+++ The input
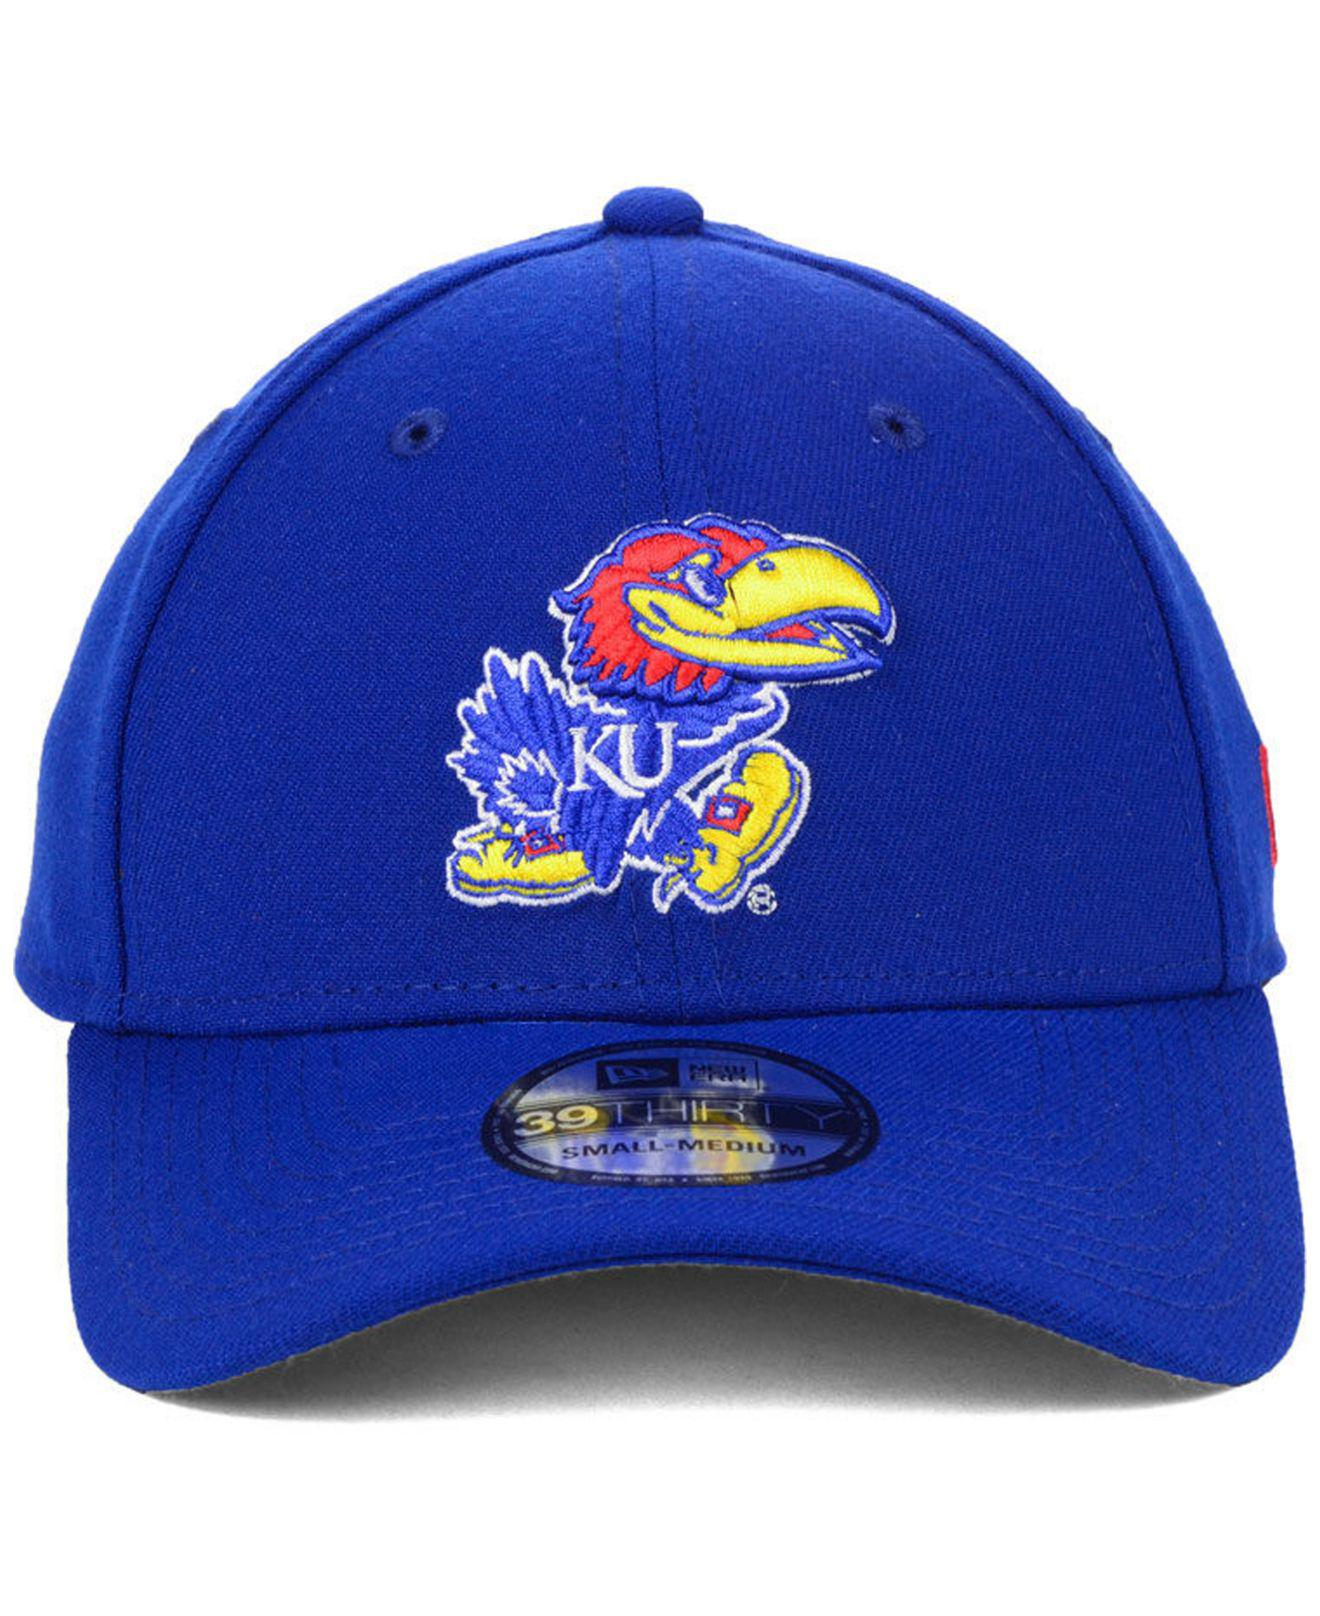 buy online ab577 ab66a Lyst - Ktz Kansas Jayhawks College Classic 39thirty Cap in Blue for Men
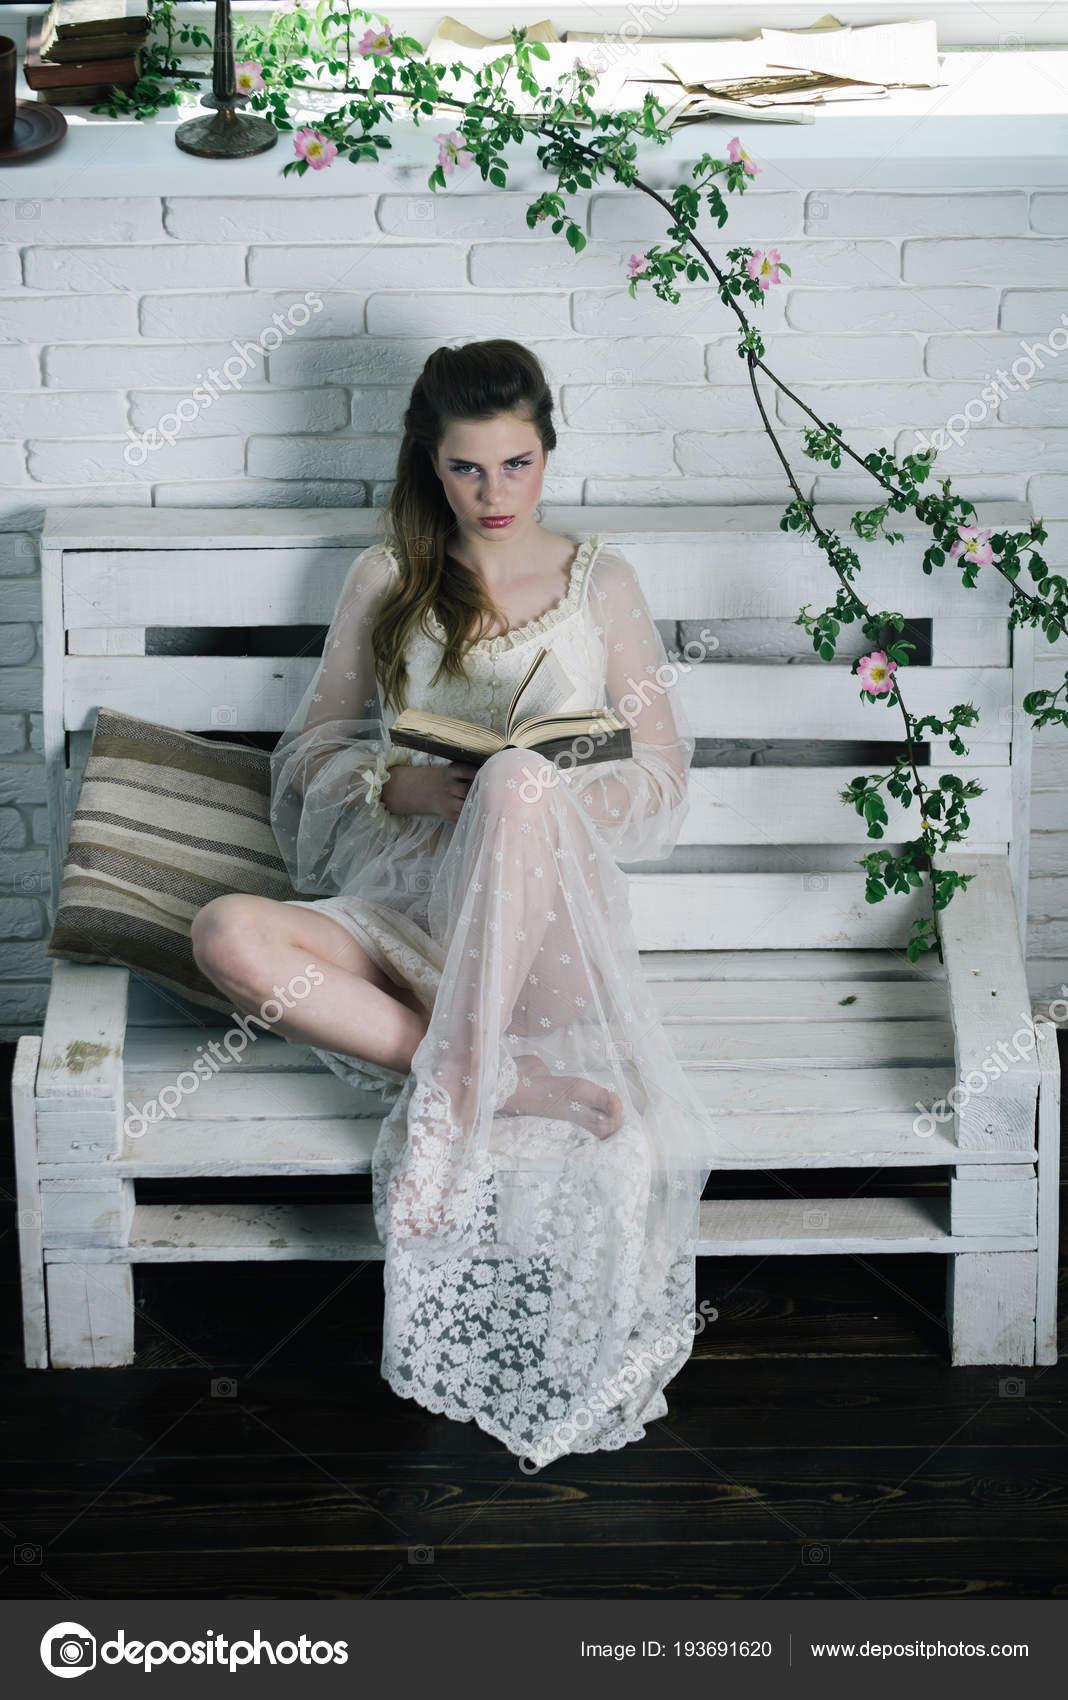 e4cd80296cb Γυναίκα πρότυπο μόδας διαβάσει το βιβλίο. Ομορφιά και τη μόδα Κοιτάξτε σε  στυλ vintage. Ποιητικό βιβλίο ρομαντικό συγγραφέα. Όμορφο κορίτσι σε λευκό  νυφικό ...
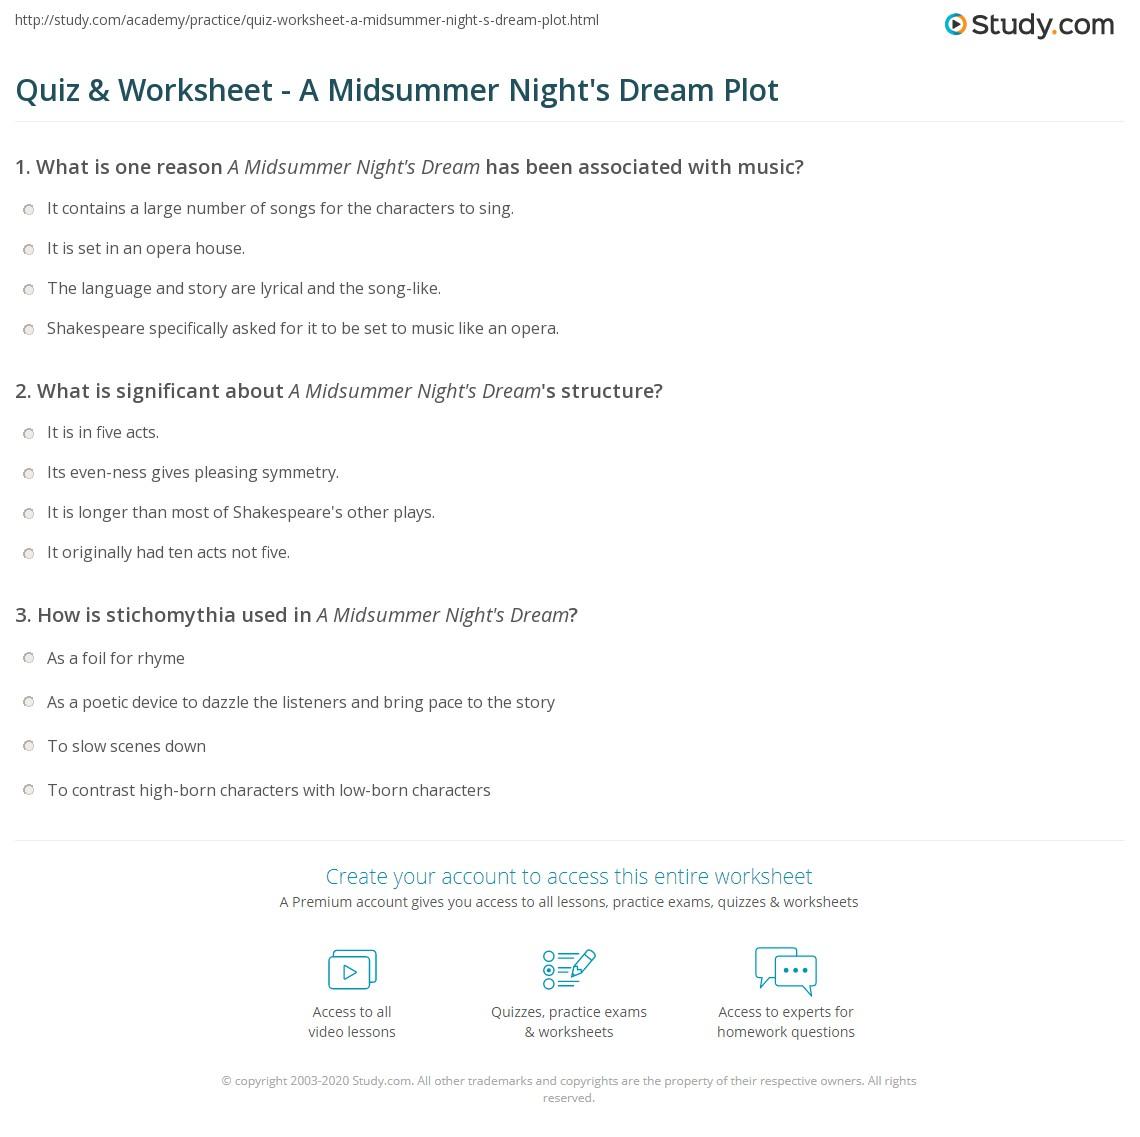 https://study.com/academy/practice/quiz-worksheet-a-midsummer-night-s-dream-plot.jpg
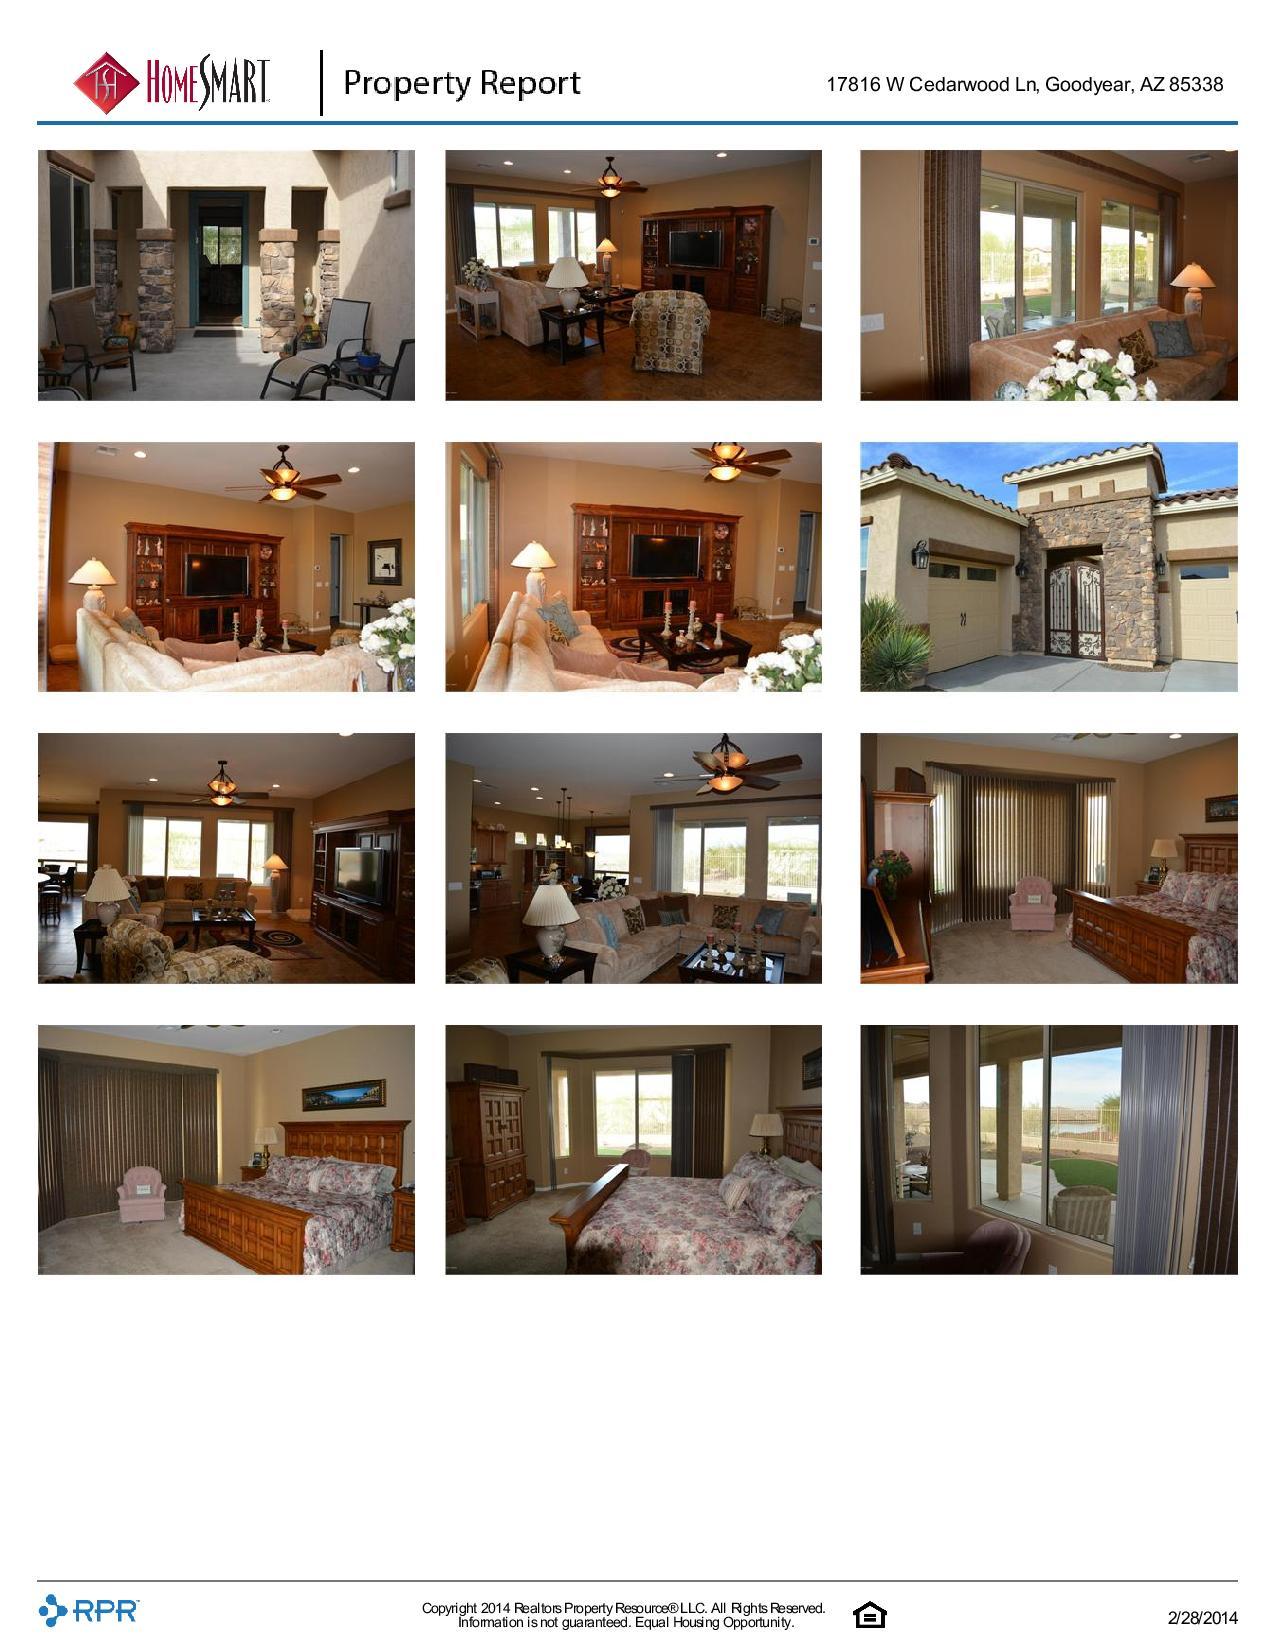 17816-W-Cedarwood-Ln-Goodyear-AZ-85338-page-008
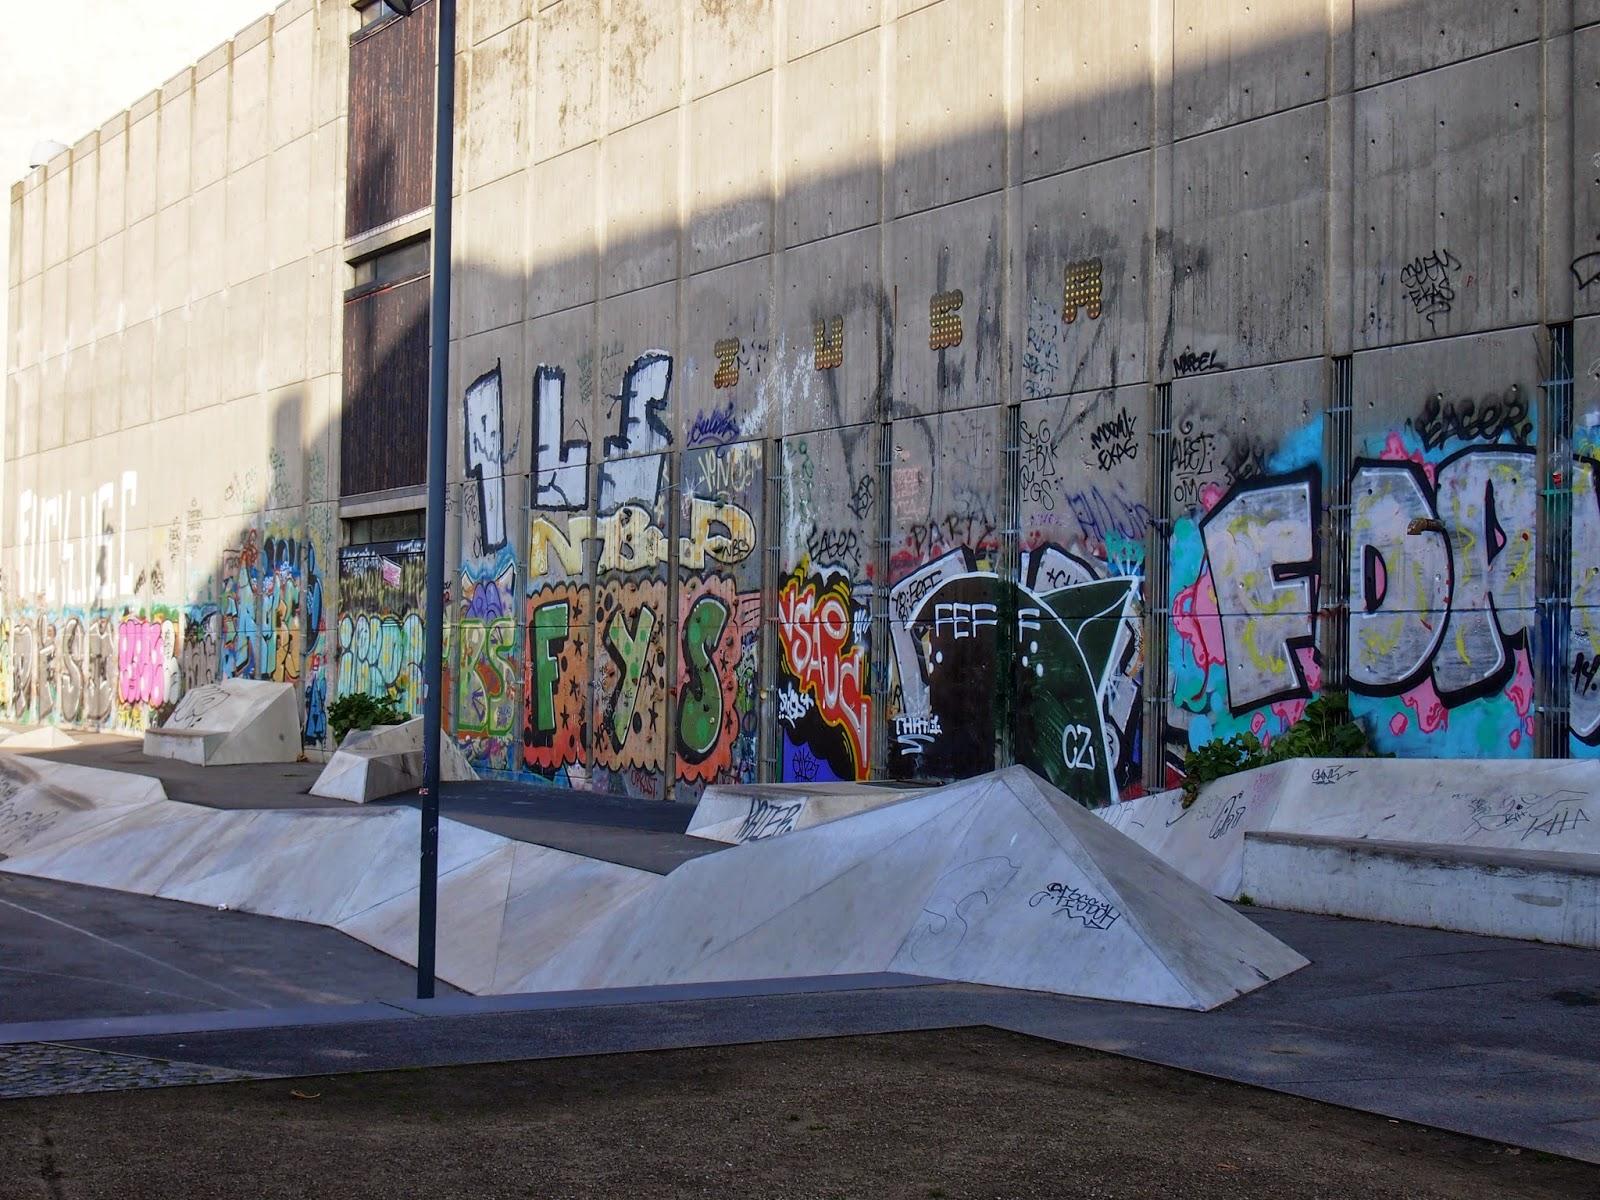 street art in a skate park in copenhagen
++++++
To do ▸
Set down the data exactly as it appears, without any images.

Expected output ▸
 buy online ab577 ab66a Lyst - Ktz Kansas Jayhawks College Classic 39thirty Cap in Blue for Men
 e4cd80296cb Γυναίκα πρότυπο μόδας διαβάσει το βιβλίο. Ομορφιά και τη μόδα Κοιτάξτε σε  στυλ vintage. Ποιητικό βιβλίο ρομαντικό συγγραφέα. Όμορφο κορίτσι σε λευκό  νυφικό ...
 https://study.com/academy/practice/quiz-worksheet-a-midsummer-night-s-dream-plot.jpg
 17816-W-Cedarwood-Ln-Goodyear-AZ-85338-page-008
 street art in a skate park in copenhagen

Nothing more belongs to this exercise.